→ Data provided:
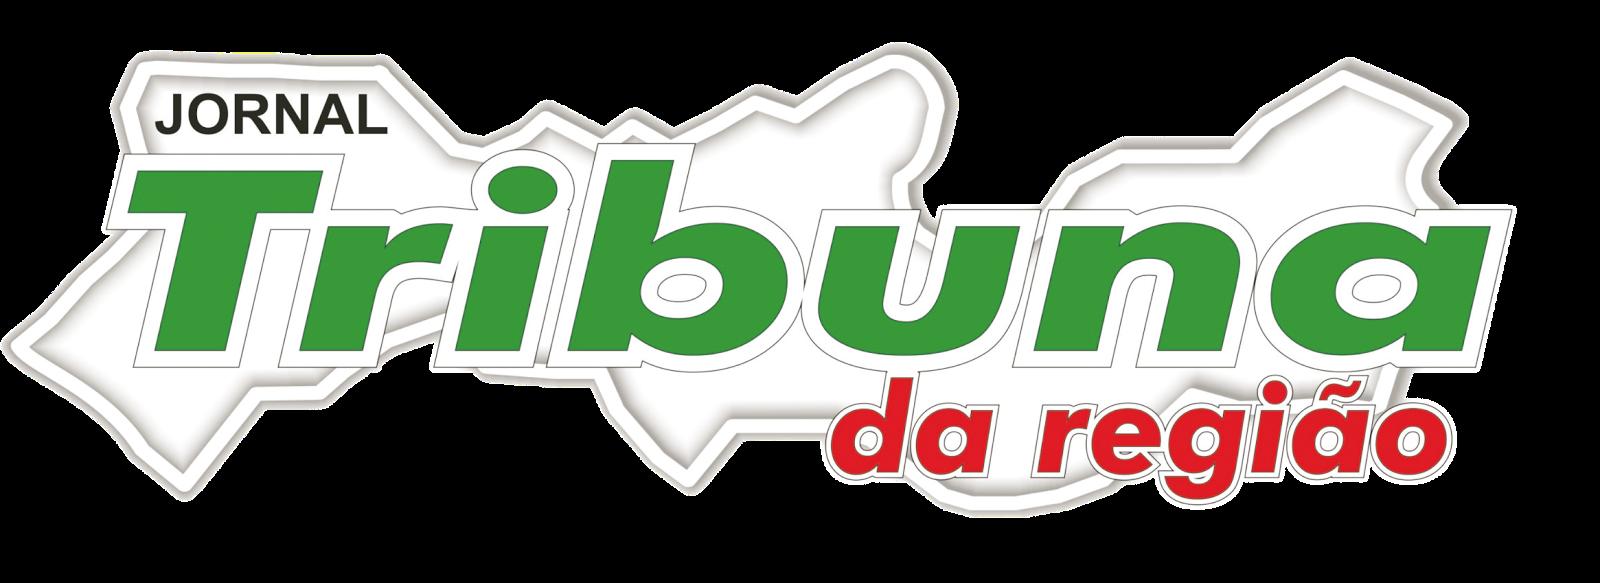 Jornal Tribuna da Região
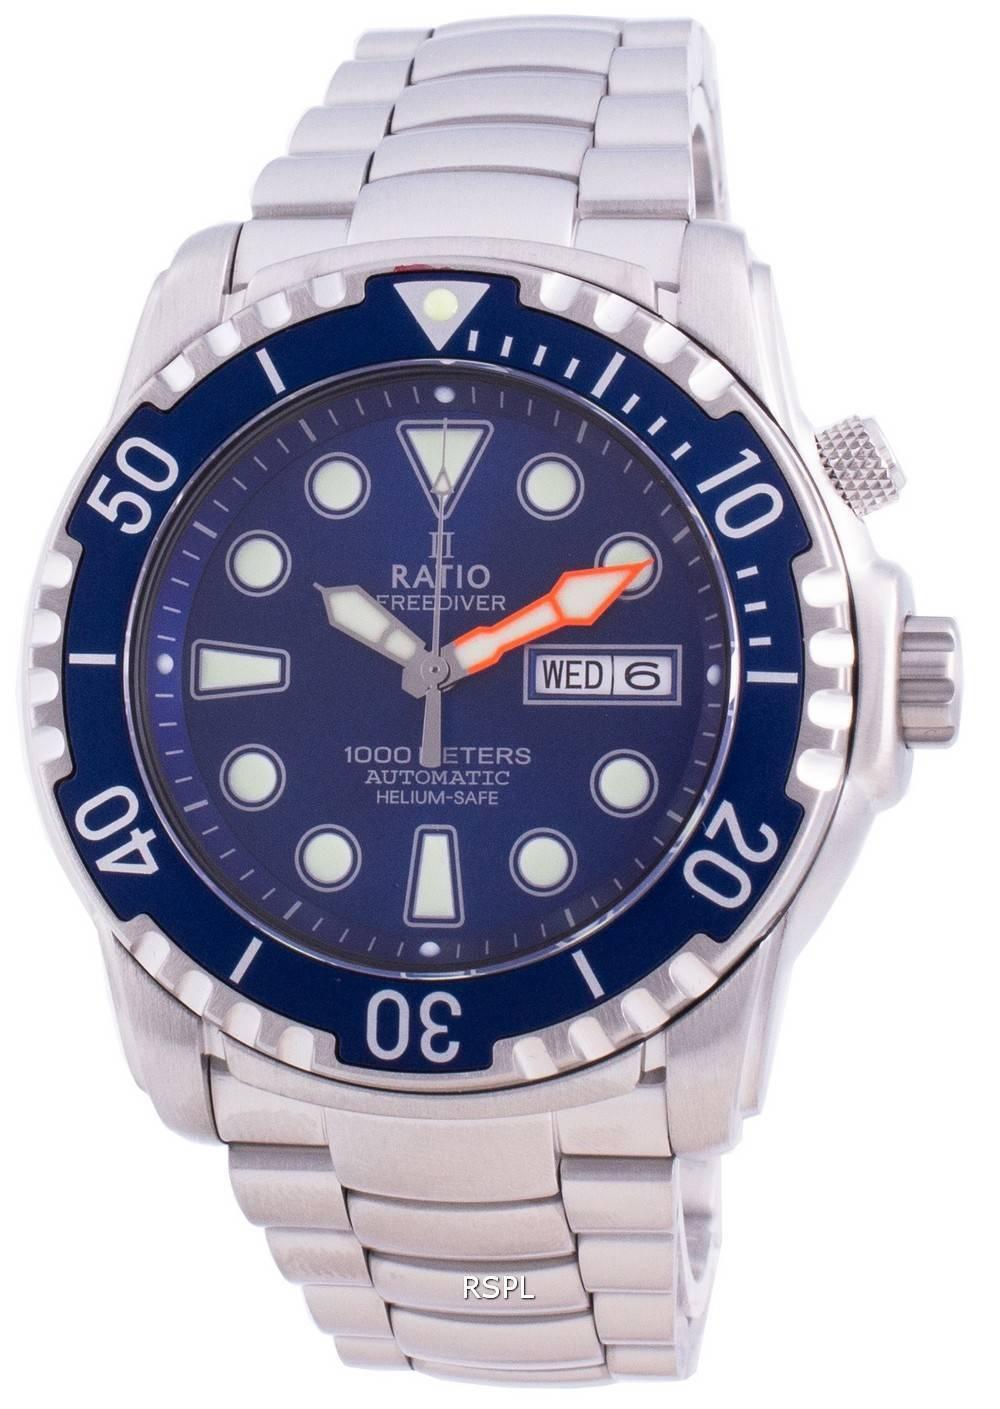 Ratio Free Diver Helium-Safe 1000M Sapphire Automatic 1068HA96-34VA-BLU Men's Watch
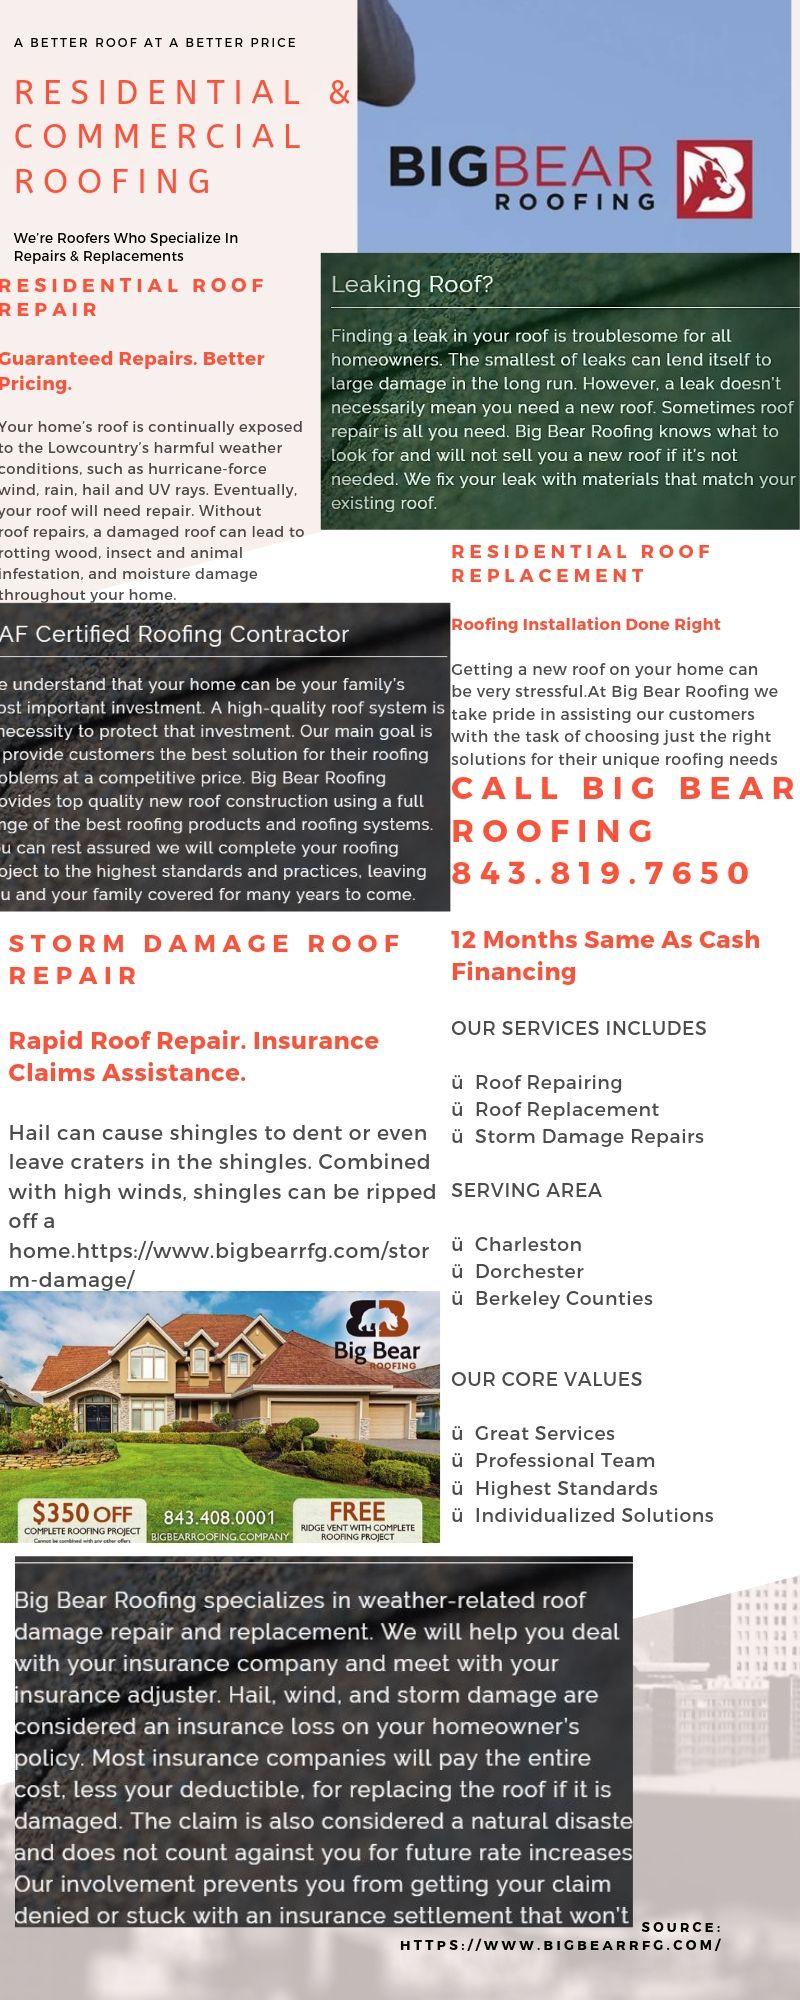 Pin By Big Bear On Roof Repairs Charleston Sc
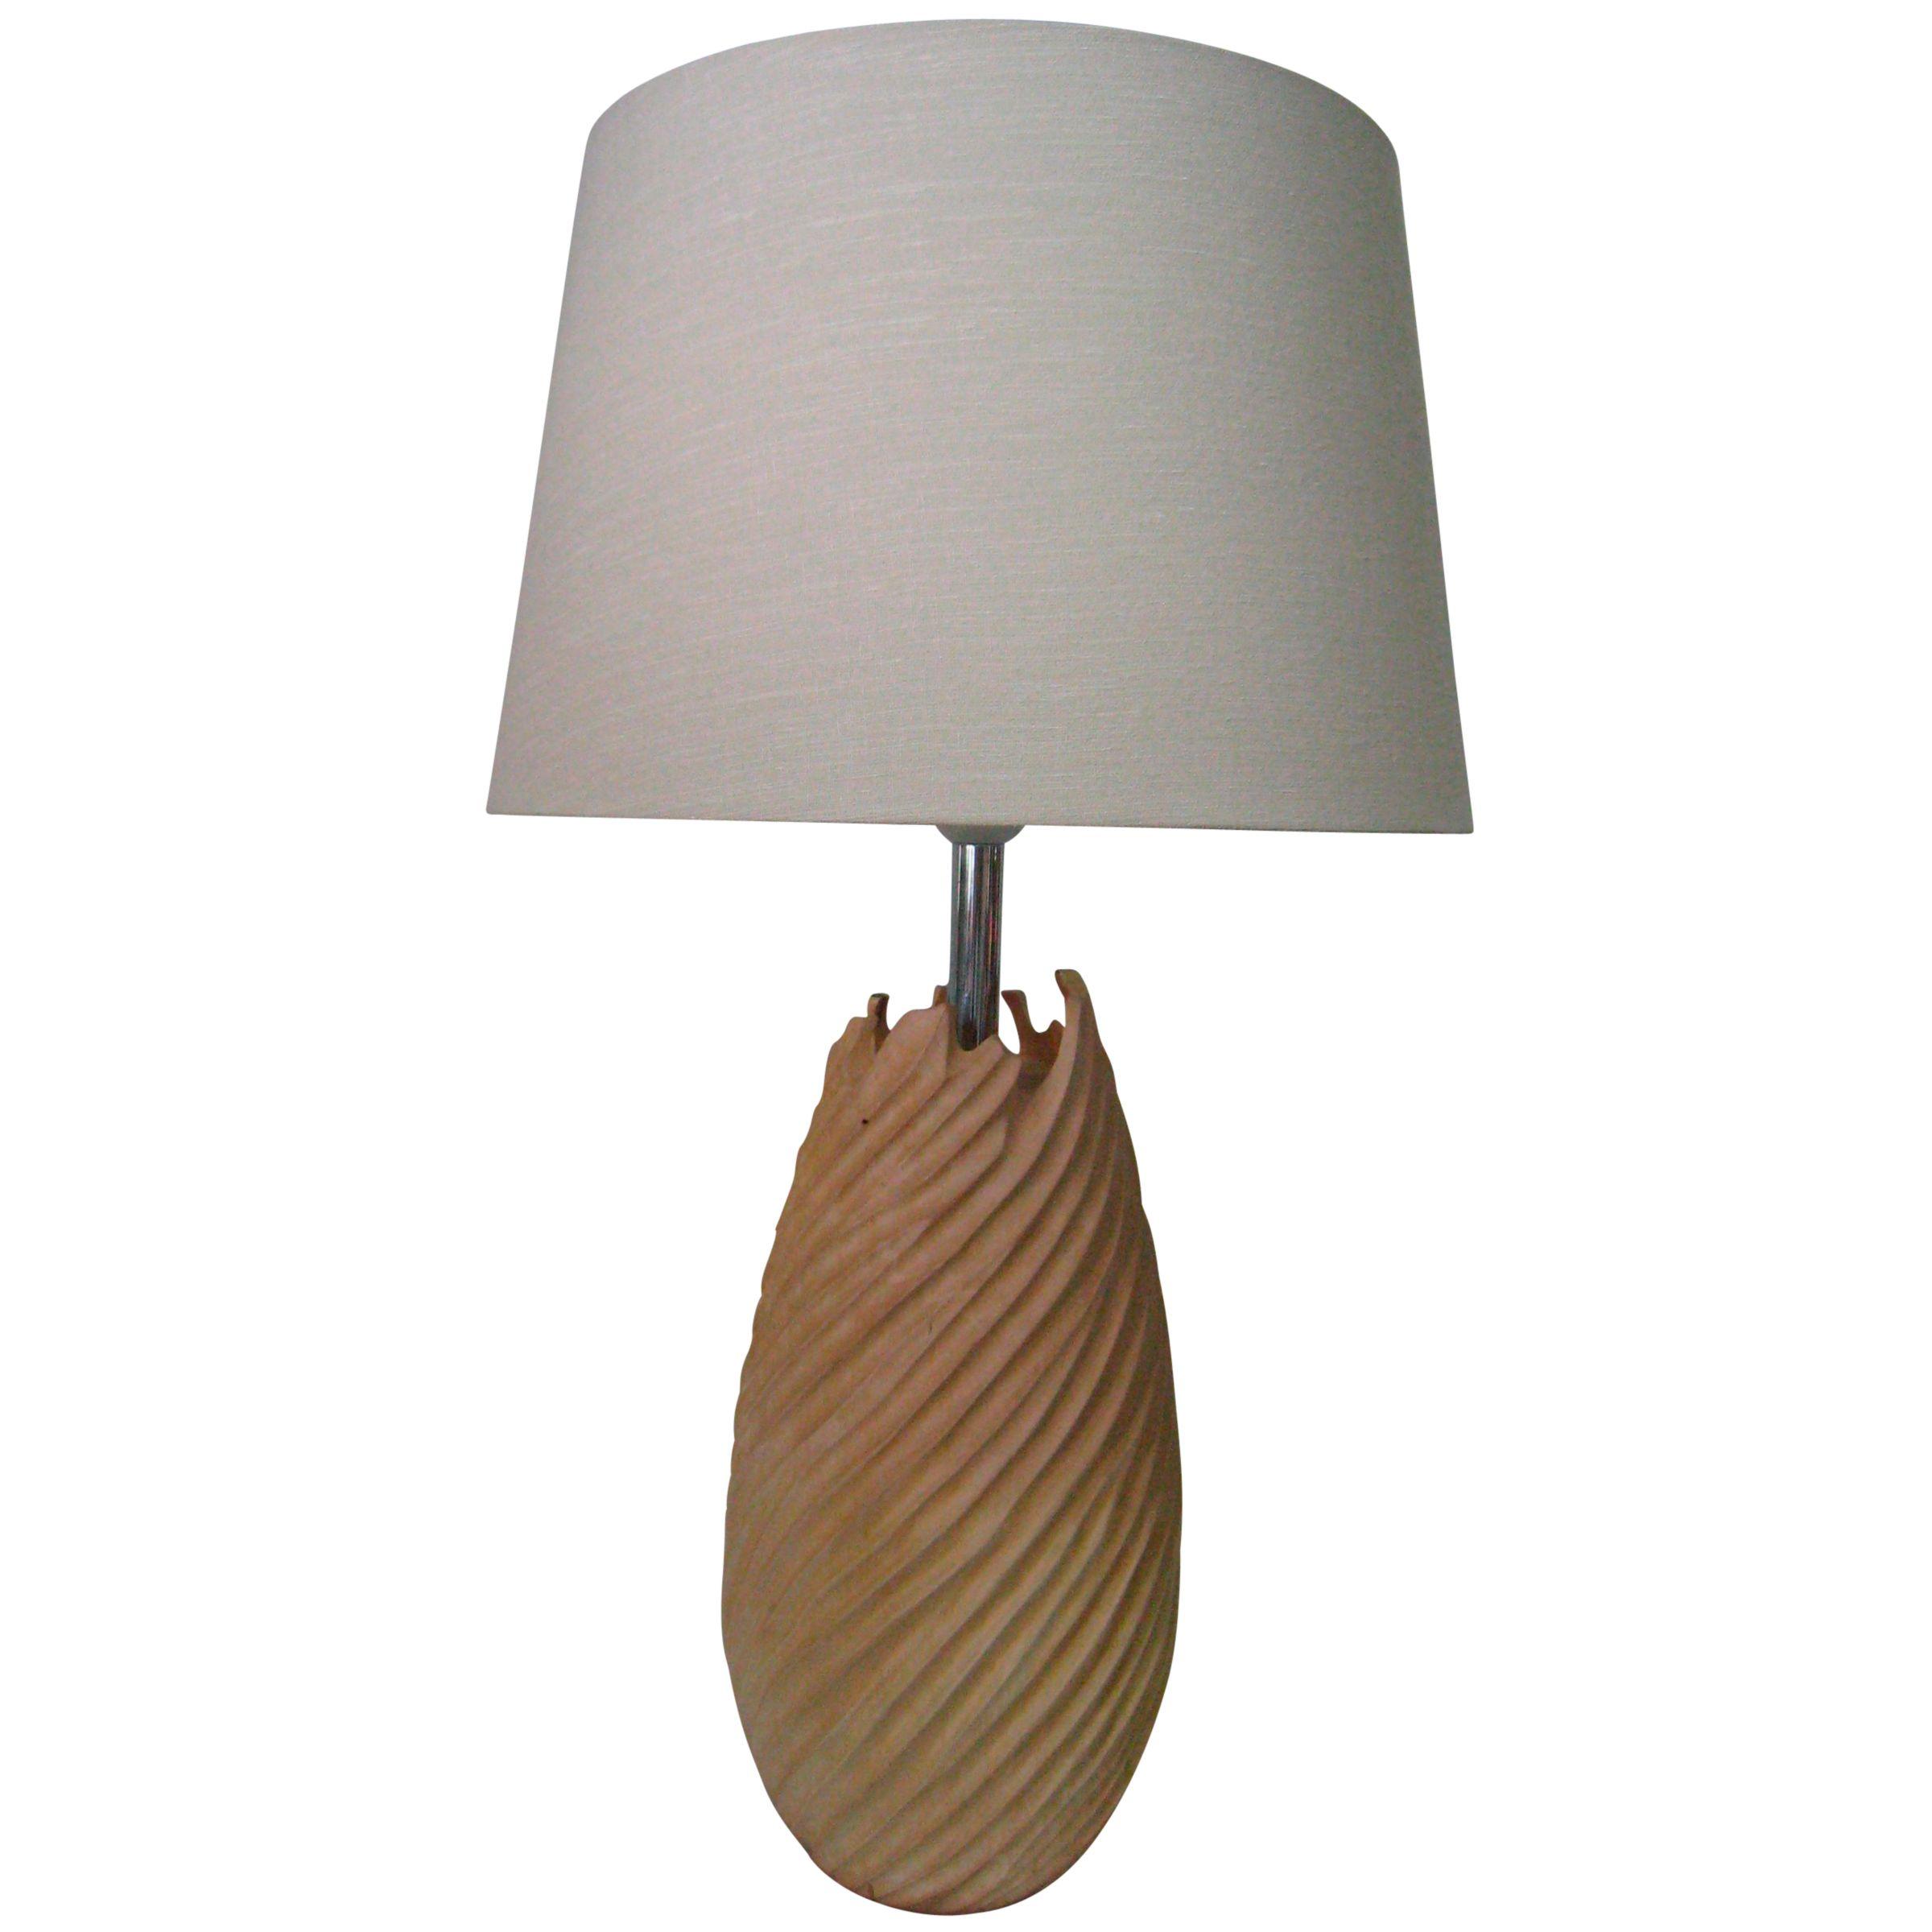 wood table lamps reviews. Black Bedroom Furniture Sets. Home Design Ideas

→ Assignment:
Repeat word for word the lines from the one holding "Ratio Free Diver" through the last line of the listing above, including both ends. Drop the pictures.

→ Response:
 Ratio Free Diver Helium-Safe 1000M Sapphire Automatic 1068HA96-34VA-BLU Men's Watch
 Pin By Big Bear On Roof Repairs Charleston Sc
 wood table lamps reviews. Black Bedroom Furniture Sets. Home Design Ideas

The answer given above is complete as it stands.